None of the lenders mentioned provided further comment when contacted by GTR, but sources close to two of the relevant transactions say all business was exited at the time and no further transactions involving Liberty Commodities have been entered into since.

Separately, industry sources have expressed concern to GTR over the apparent use of trade finance intermingled with GFG Alliance acquisitions.

Argus Media revealed in March that Liberty Aluminium – another Gupta-owned metals company – bought US$50mn-worth of inventory from a smelter in Dunkirk the day before acquiring it from Rio Tinto in December 2018.

That cargo was immediately sold onto two other companies with links to Liberty, with those on-sale transactions funded by Gupta’s Wyelands Bank.

In effect, the transaction meant Gupta could use equity from those Wyelands deposits to support the acquisition, while also reducing the price of the asset by US$50mn.

The deal has since been plagued by disputes, including a complaint from Rio Tinto over “non-payment of customary post-closure adjustments”.

At the same time, a group of lenders that put US$350mn towards the transaction – Bank of America Merrill Lynch, Barclays, BNP Paribas, Natixis and trading giant Trafigura – has increasingly threatened legal action against Liberty over non-payment, or sought to offload the debt.

None of those lenders commented on whether they were aware of the separate US$50mn aluminium purchase, but one banking industry source said: “If we found ourselves in a position where working capital was actually being used for acquisition capital, we would have exited.”

“It’s a basic question of trust,” the source says. “If they were using commodity repos to raise working capital, and then it turns out they’re embarking on risky acquisitions, that’s not what you’ve signed up for.”

Liberty Commodities said in a statement this month that it “has ongoing banking relationships with separate financial institutions”.


Invoice suspicions

After 2016, GFG Alliance’s loss of banking relationships resulted in a growing reliance on Greensill to continue providing funding. At the time of Greensill’s collapse, GFG Alliance had estimated debts of nearly US$5bn to the London-headquartered lender.

In recent weeks, however, fears have arisen that Gupta companies relied on dubious financing products and, potentially, on fraudulent invoices as a means of generating liquidity – leaving banks more reluctant to fill the void left by Greensill.

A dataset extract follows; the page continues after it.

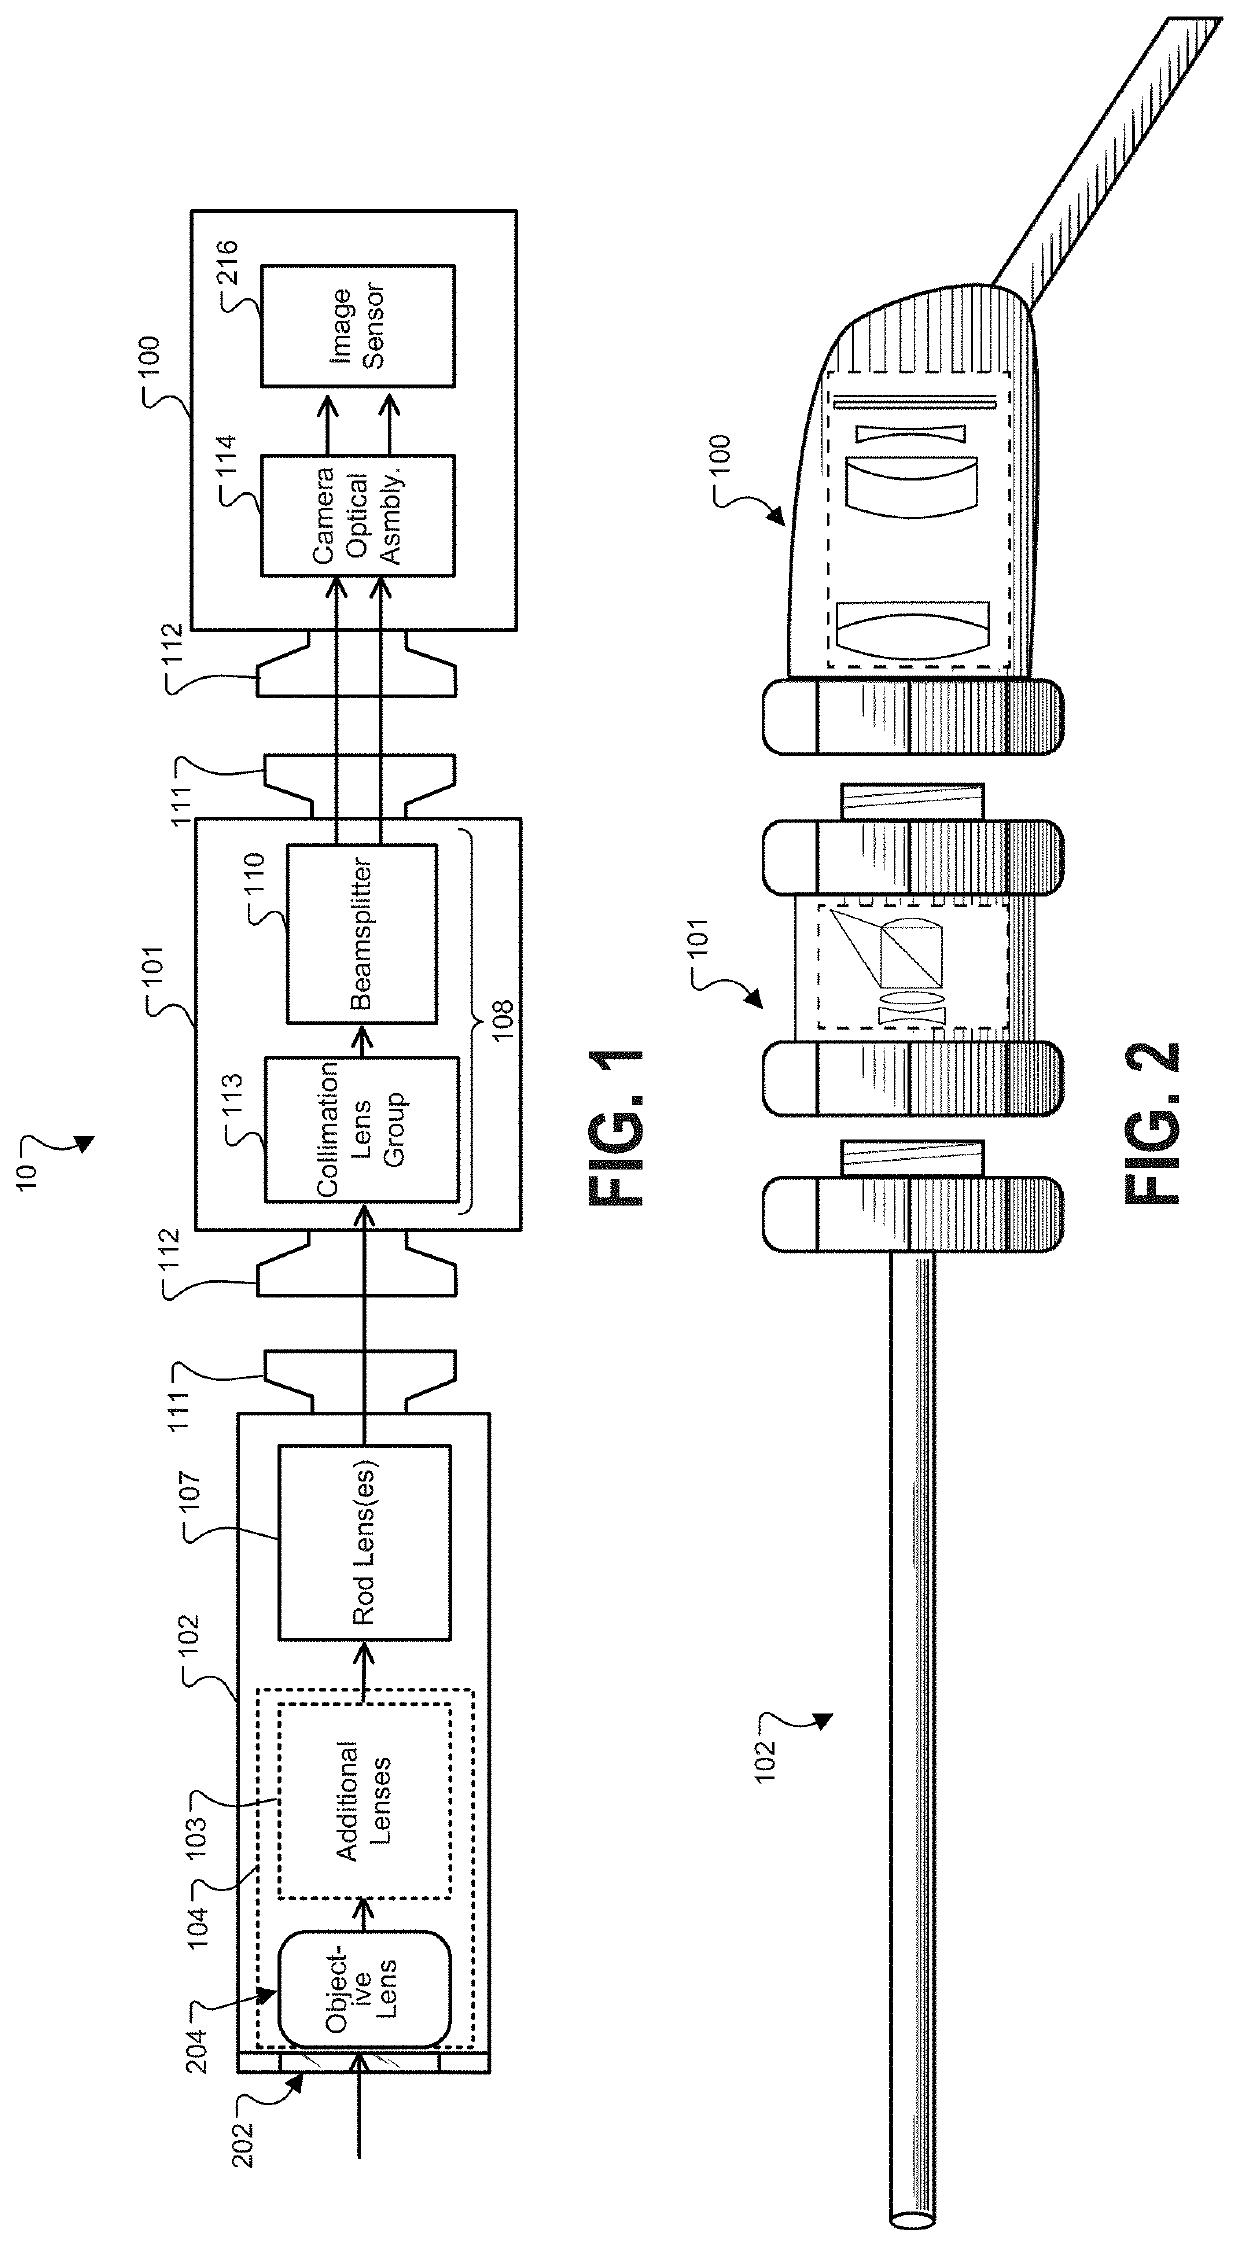 Attachment System For Conditioning Light Between Endoscope And Camera

Part of those concerns centre on the controversial receivables financing product offered by Greensill, whereby hypothetical invoices based on anticipated business would be packaged up, insured and sold to investors as a means of raising capital.

Though future receivables are not unheard of in trade finance, experts say Greensill’s use of the product with GFG Alliance and other corporates went well beyond industry norms – in some cases providing finance against invoices from customers with whom no trading relationship had ever existed.

Since then, an investigation by the FT has found that Greensill’s administrators, Grant Thornton, have been unable to verify certain invoices issued by Liberty Commodities.

Gupta insists those invoices were part of future receivables schemes, but the newspaper says they refer to historic trading activity with four European metals businesses – all of which deny doing business with Liberty Commodities – raising suspicions of fraud.

Gupta again refuted “any suggestion of wrongdoing” in a recent letter to the FT, but the claims are proving a further deterrent to trade finance lenders.

“If you see fraudulent invoices being created, that’s obviously a massive red flag,” says one banking industry source. “It speaks to many things, including what else might be hidden. For companies that engage in that kind of behaviour, it’s a short order for exit [by banks].”

Another banking source adds that “allegations of fraud [leave GFG Alliance] in a very difficult position”.

“There is a viable, real business there,” they say. “But banks need to be comfortable not just with the credit of their customer, but also the governance. It’s a basic question of trust.”

The GFG Alliance spokesperson did not respond when asked whether the company denies any current invoices were issued in respect of metals traders that the group had not transacted with.